South Korea's central bank kept its policy interest rate steady, maintaining a cautious ​stance as the conflict in Iran threatens to heat up ‌inflation and weigh on growth in an economy heavily dependent on Middle Eastern energy – Reuters. (Why you should care – the potential for a broader ceasefire negotiation with Iran should allow the Bank of Korea to look through any recent inflation growth)

Israel will begin direct negotiations with Lebanon after Israeli Prime Minister Benjamin Netanyahu instructed his cabinet to start talks following repeated requests from Beirut; the announcement came after European nations and Pakistan, the host of talks this weekend between Washington and Tehran, said the Israel’s attacks risked undermining efforts to forge lasting peace – WSJ. (Why you should care – the proposal for discussions with Lebanon removes an impediment for Iran negotiations commencing this weekend)

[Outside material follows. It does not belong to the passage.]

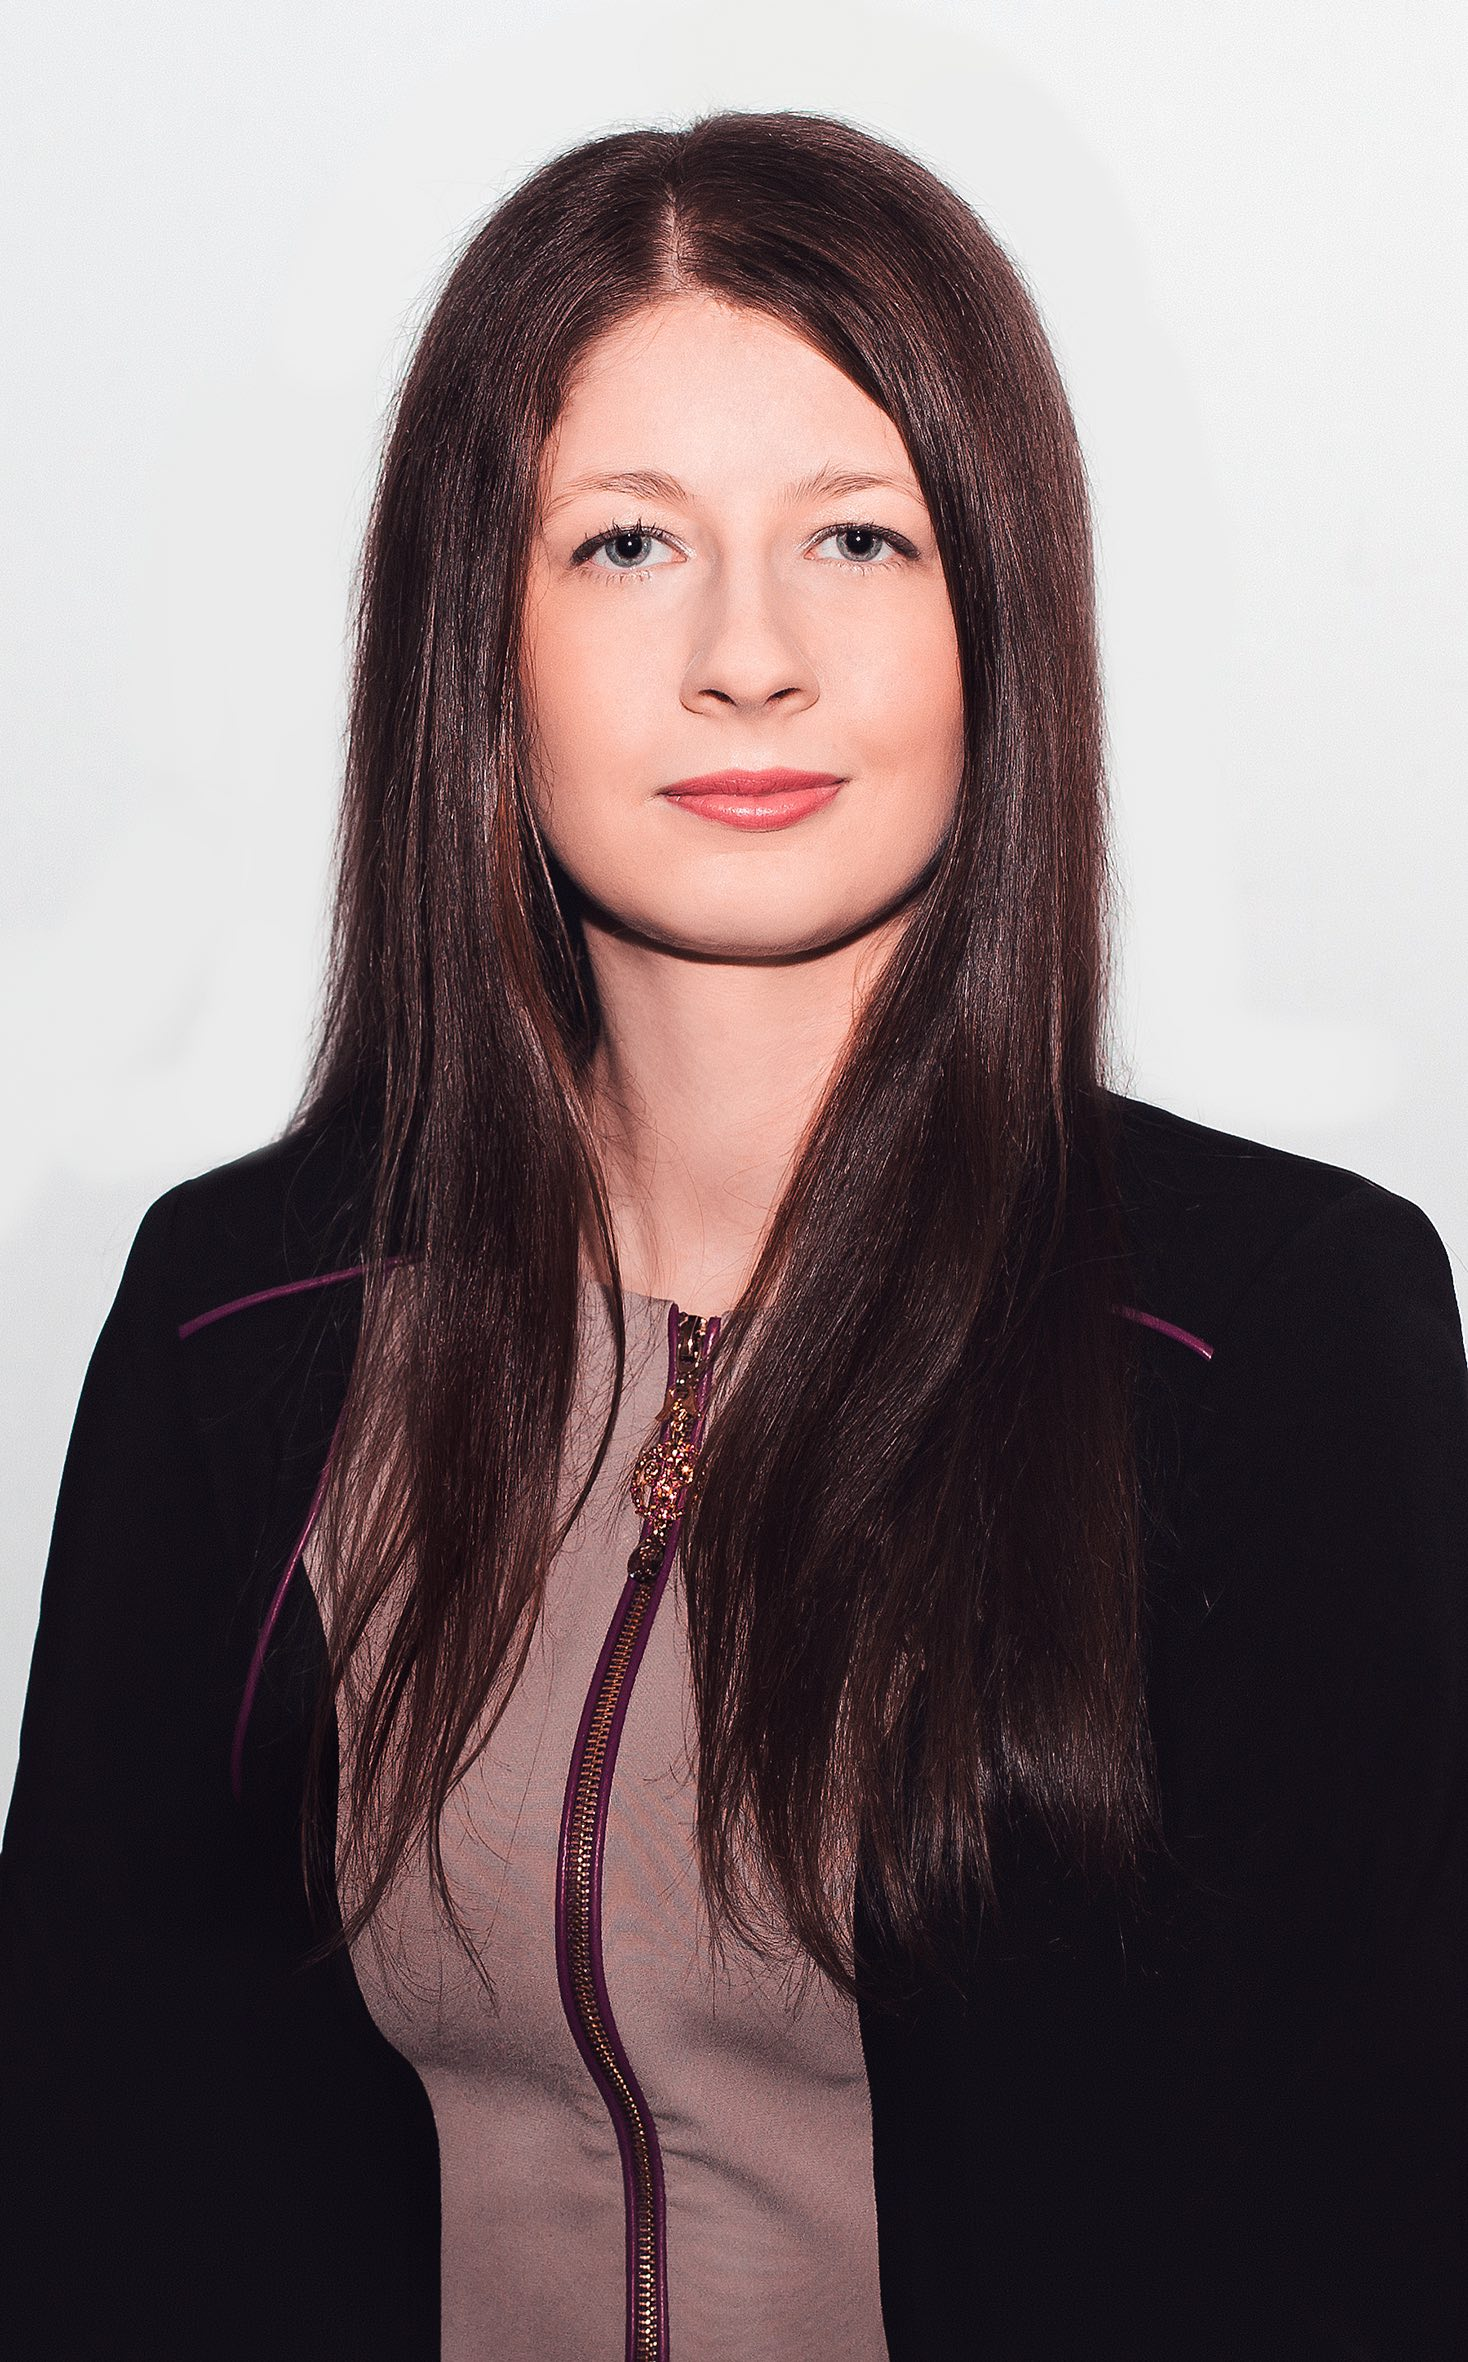 Худик Ольга Богданівна

U.K. Prime Minister Keir Starmer promised to strengthen the country's economy and military to cope with a more "volatile and dangerous" world, saying the Iran war must become a turning point for Britain after two decades of crises – Reuters. (Why you should care – the comments point to more spending on military equipment and advanced technology)

NATO Secretary-General Mark Rutte is pushing U.S. allies in Europe to make concrete commitments in the coming days for a mission to secure the Strait of Hormuz following a meeting with President Trump; Rutte said that European allies ⁠“are doing everything the United States is asking,” even as he acknowledged some had been “a bit slow” to offer support when the U.S. launched its military operation in Iran – WSJ. (Why you should care – securing the area would support international law that states the free transit of traffic must be allowed through the Strait of Hormuz)

Economic Calendar:

Earnings – LOT, UNTY

Bank of Korea Monetary Policy Announcement

China – CPI, PPI for March

Norway – CPI for March (2 a.m.)

U.S. – CPI for March (8:30 a.m.)

U.S. – Real Earnings for March (8:30 a.m.)

Canada – Employment Change for March (8:30 a.m.)

Canada – Unemployment Rate for March (8:30 a.m.)

U.S. – Factory Orders for February (10 a.m.)

U.S. – Michigan Consumer Sentiment for April (10 a.m.)

U.S. - Baker Hughes Rig Count (1 p.m.)

U.S. - CFTC’s Commitment of Traders Report (3:30 p.m.)

Fed Releases Balance Sheet Updates on Commercial Banks (4:15 p.m.)